3. Nel bar
Alzo
il volto dal tavolo. Sterile plexiglass sotto le mie mani in un altrettanto
poco asettico fast food. Impersonale.
Quasi
quanto lo potevamo essere noi due. Impersonali.
Alzo
lo sguardo per cercare il suo. O forse solo perché sono stanco di osservare le
mie dita troppo ossute tormentare quel pezzo di pane chimico che è il mio
pranzo.
Sì,
è solo per noia che la guardo.
È
così bella.
I
capelli rossi racchiusi in una coda morbida che le finisce mollemente sulla
spalla, alcuni ciuffi ribelli che s'attorcigliano sul collo bianco, tonico.
Otto
anni fa le prendevo quelle piccole ciocche tra le dita e giravo i suoi riccioli
in modo che la luce del sole riflessa ne infuocasse i contorni.
Era
bella, al mare.
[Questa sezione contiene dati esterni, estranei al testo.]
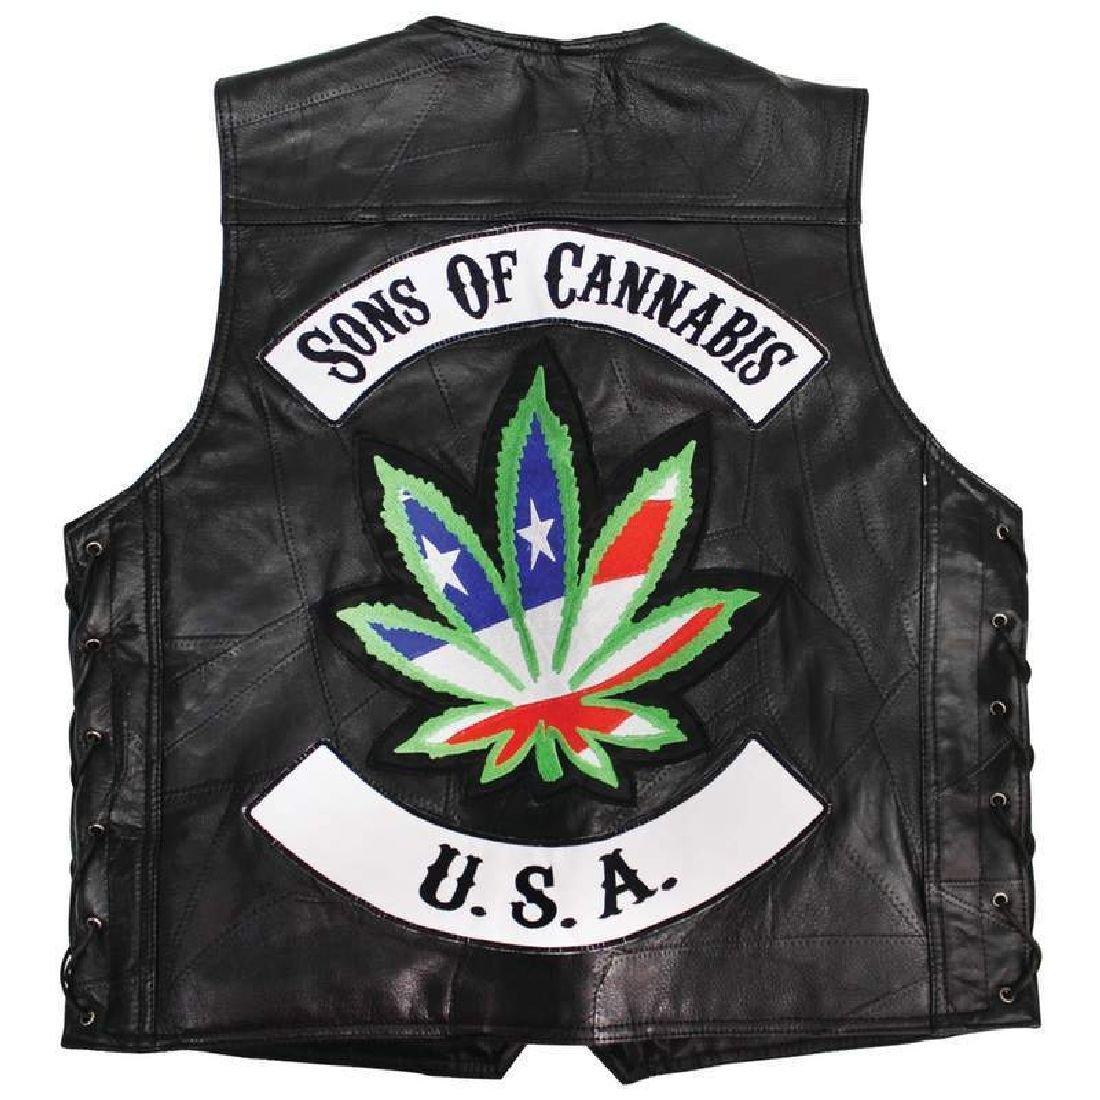 【50%OFF】 メンズブラック本革オートバイベストバイカーポットUSA Flag Flag (Men's) Size Marijuana Size (Men's) 3XL B0753DKYCL, パターアイランド:6ef1f579 --- a0267596.xsph.ru
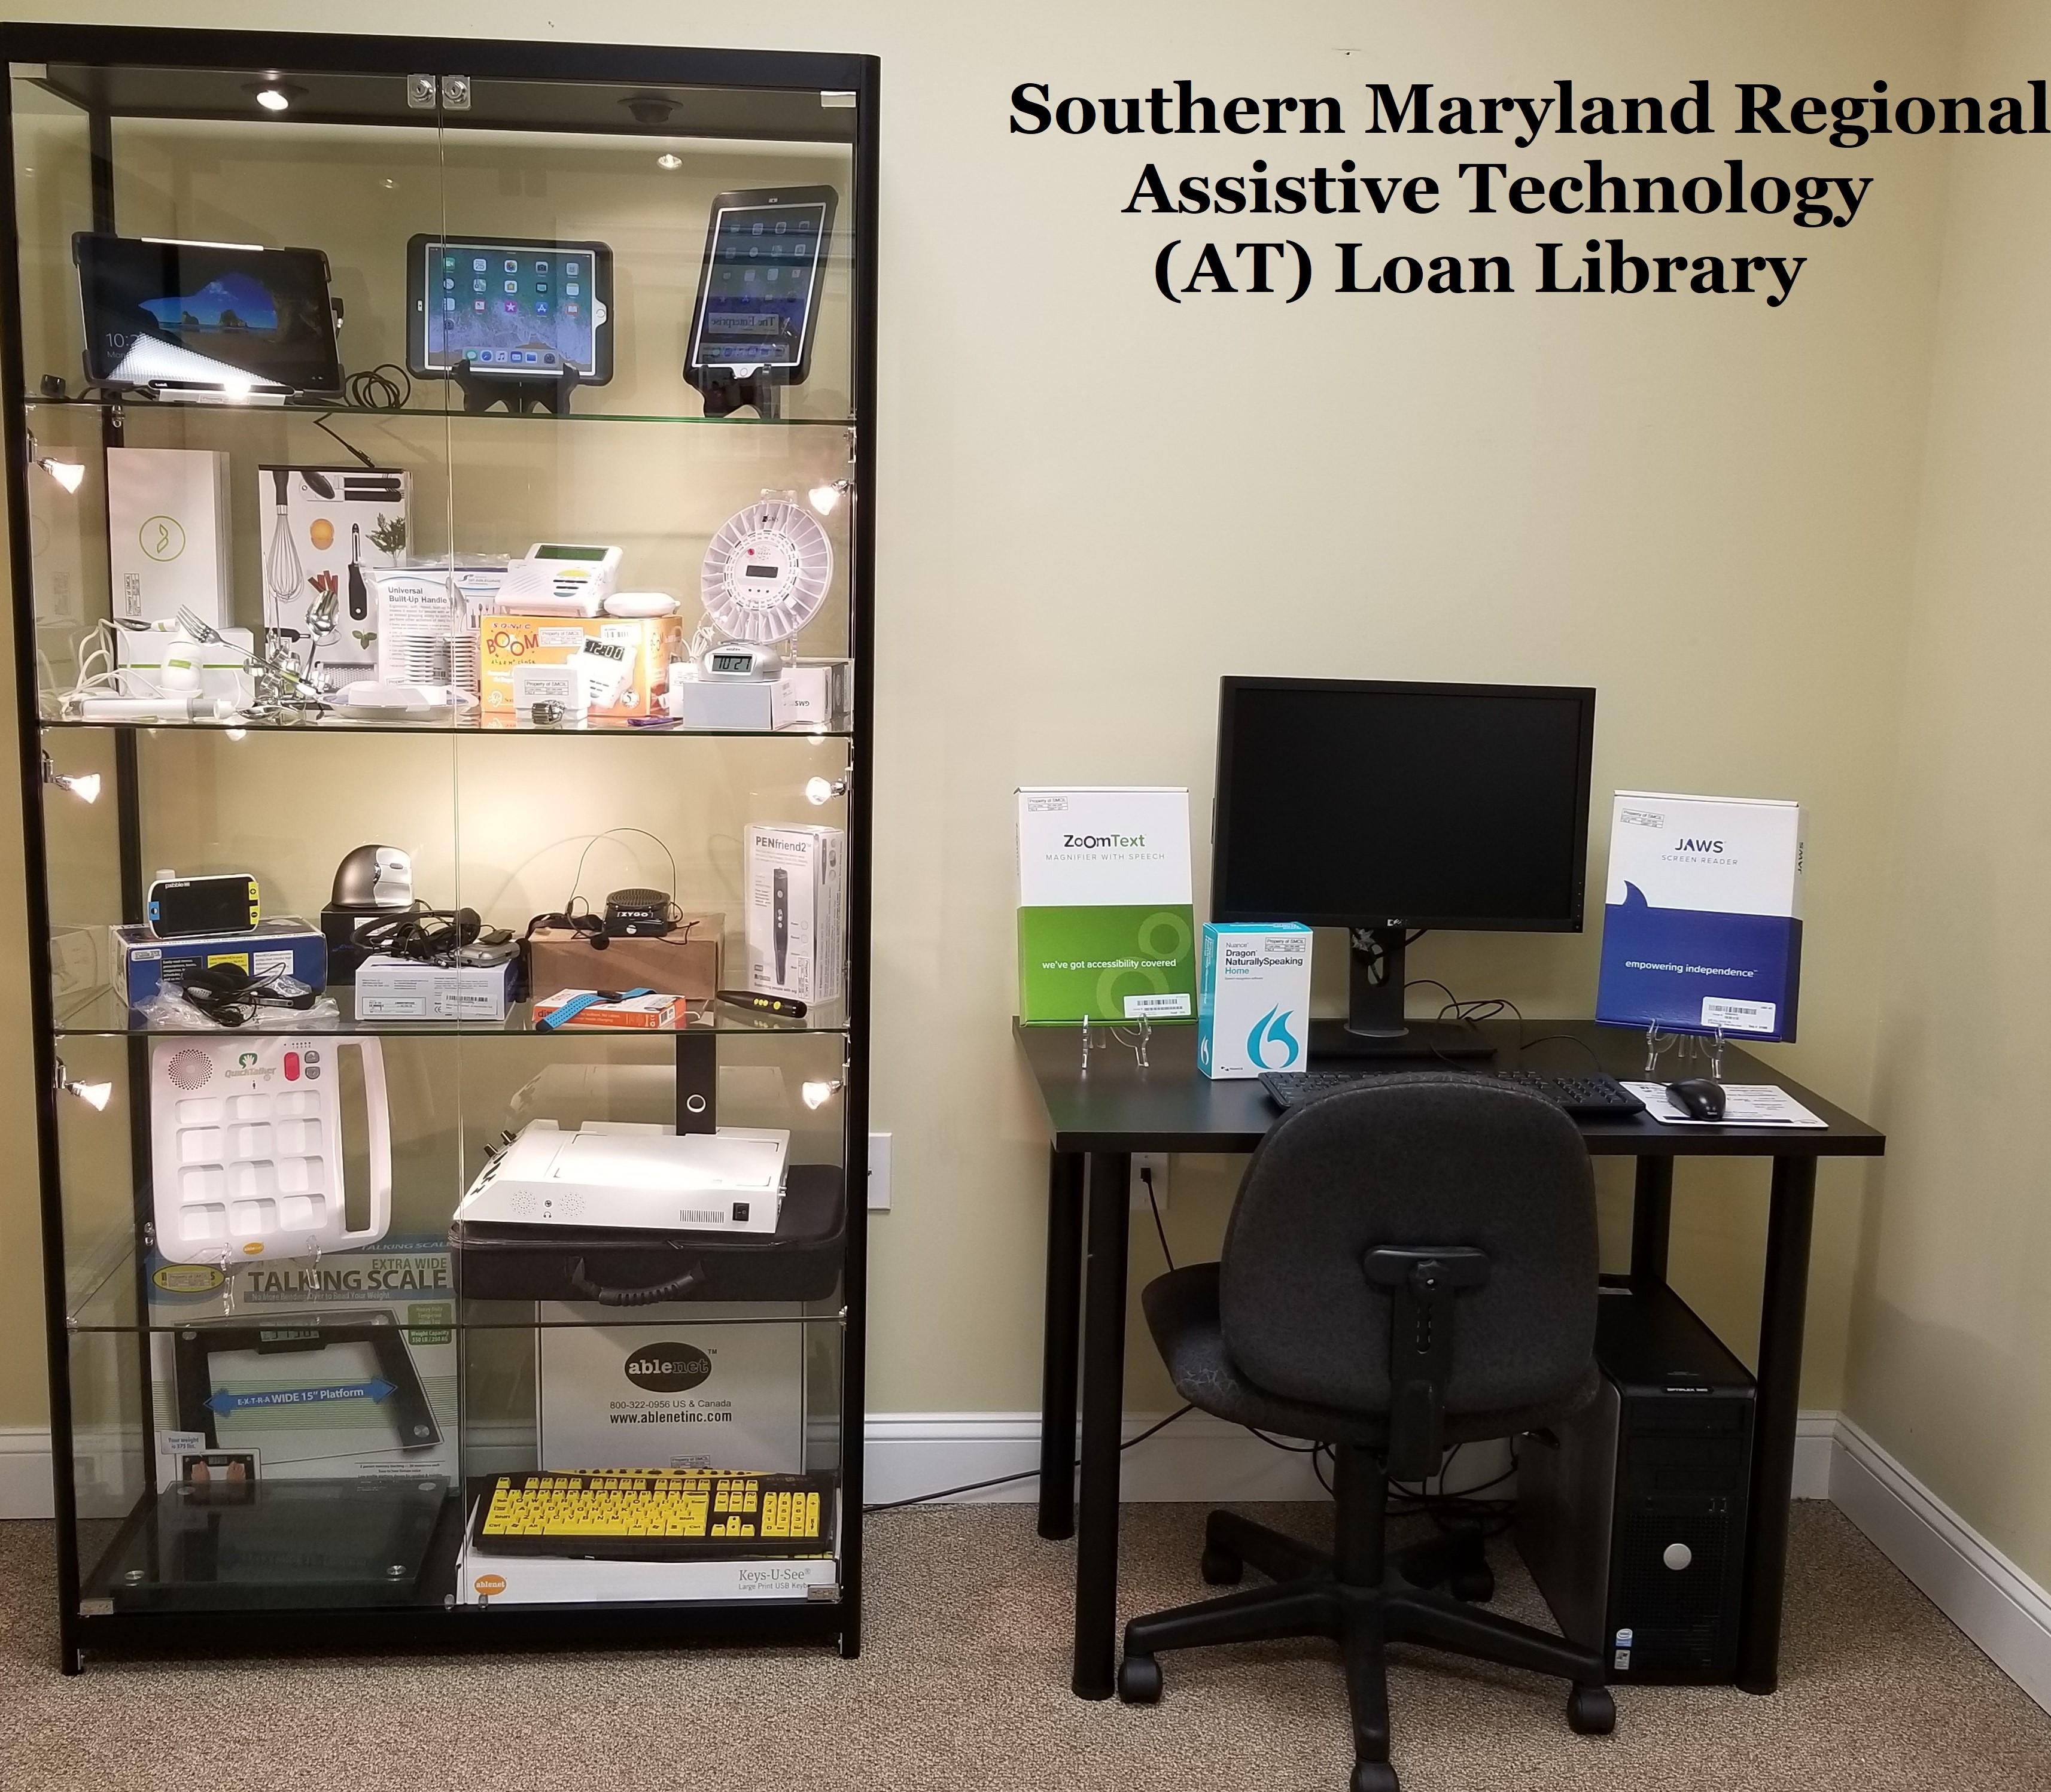 AT loan library 2 (2)

Incedeva così sinuosa tra le file di ombrelloni piantati senza
criterio alcuno, lei così sicura sulla sabbia come sul cemento. Si voltava
appena verso di me se m'attardavo a raggiungerla, un lieve sorriso a scoprirne
i denti bianchi e a nasconderle un paio di lentiggini. Il sole irradiava il suo
splendore, il mare spariva tra le onde dei suoi capelli fulvi. Non c'era
null'altro che i suoi fianchi stretti e l'aureola del suo sorriso.
«Hai
intenzione di continuare a fissarmi ancora a lungo?»
A
essere sinceri non la sto proprio fissando. Non la guardo da molto tempo ormai.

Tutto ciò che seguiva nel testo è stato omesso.